Edit prompts/summarize.prompt.
Run blogus lock.
Commit both files together.

That is the same shape as editing pyproject.toml and running uv lock. A reviewer opens the PR and sees two changes side by side: the human-readable prompt edit and the machine-readable hash update. They review the prompt. The hash update is automatic and uncontroversial.

If the change is bigger — say, the prompt now needs a new variable — the diff shows the frontmatter change and the body change in one place. If the application code needs to start passing the new variable, that goes in the same PR; or, if the variable has a default, the call sites can adopt it gradually. Either way, the surface that needs review is in front of the reviewer.

What this does not replace

A prompt in the build graph is a hygiene mechanism, not a quality mechanism. It guarantees that the prompt that ran in the last eval is bit-for-bit the same as the prompt that will run on the next deploy. It does not say whether the prompt is good.

Eval suites still need to exist. A/B tests still need to exist. Tracing and observation tools — Langfuse, Helicone, the homegrown thing your platform team built — still have a role. blogus is not in competition with any of those. It is one layer down: it makes sure those higher-level systems are reasoning about a stable artifact, not a string that quietly changed between when it was evaluated and when it shipped.

In a stack diagram, blogus sits at the same layer as your dependency resolver. The eval suite sits at the same layer as your test runner. Observability tools sit at the same layer as your production monitoring. None of these replace each other; they each guarantee one different thing.

A note on languages

blogus’s scan covers Python and JavaScript LLM calls today — the two languages where the majority of LLM applications are being written. That is a deliberate scope choice, not a limit on the file format. A .prompt is just YAML; nothing in it is language-specific. Teams writing in Go or Rust can author and lock prompts with blogus and load them in whatever shape their runtime prefers. The scanner is the part that needs language awareness; the artifact is portable.

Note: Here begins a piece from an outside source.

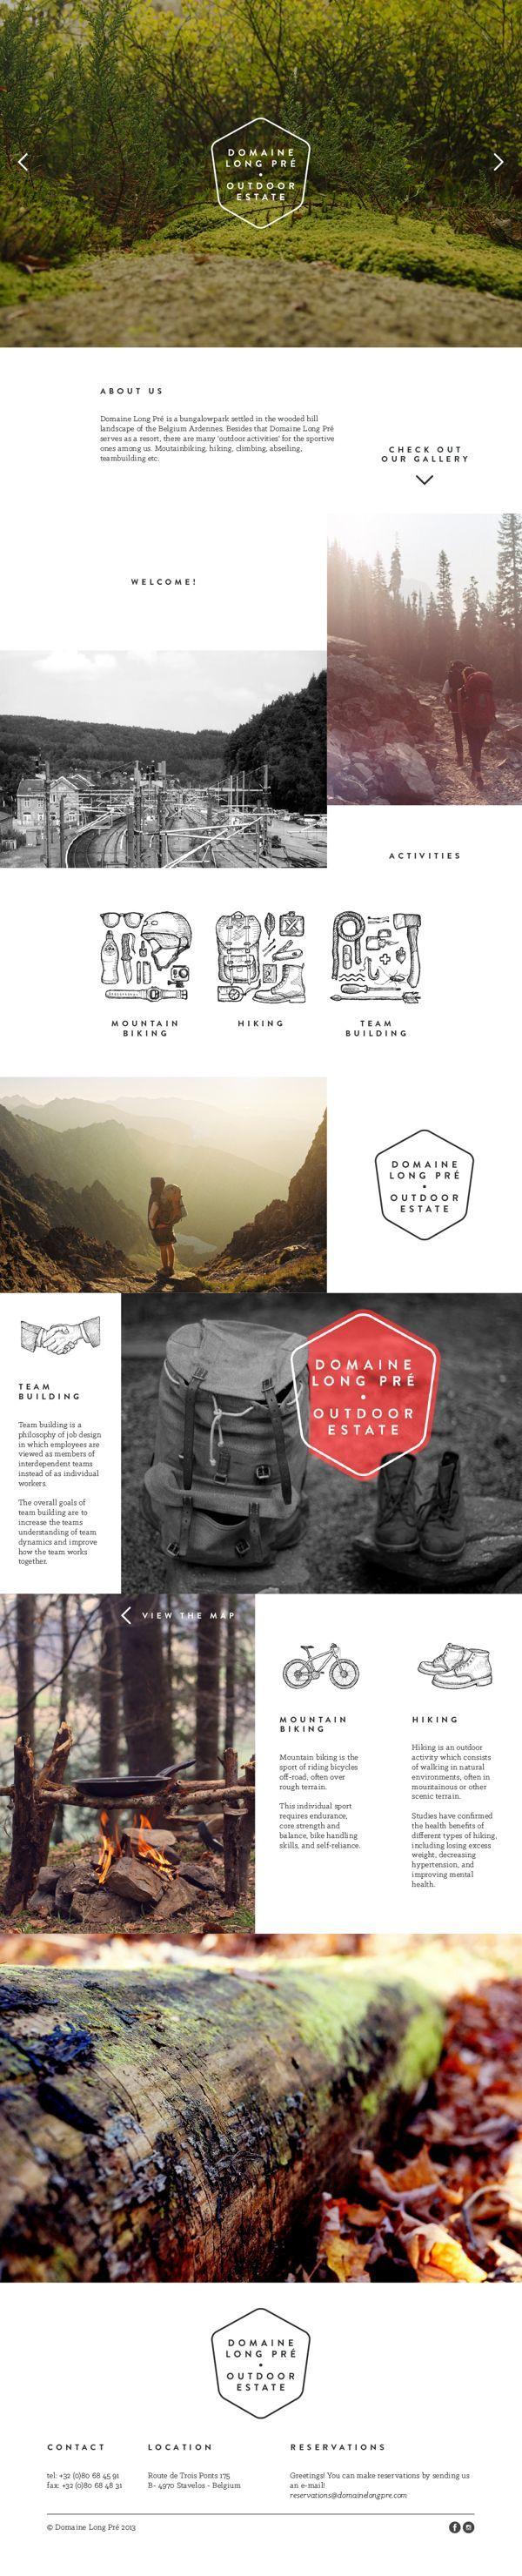 Cool Brand Identity Design on the Internet. Domaine. #branding #brandidentity #identitydesign @ http://www.pinterest.com/alfredchong/brand-identity/

The smallest commit you can make

If you want to try this on a real codebase without committing to anything, the smallest action is two commands:

uvx blogus scan
uvx blogus check

The first lists every LLM call in the repo. The second flags the ones that are not yet versioned. Neither requires installing anything permanent; neither writes to your code. You will see, in under a minute, how many prompts in your codebase are currently floating outside of any kind of dependency tracking.

That number is almost always larger than the team expected. Putting the prompts into the build graph is the work of bringing that number down to zero — and then keeping it there.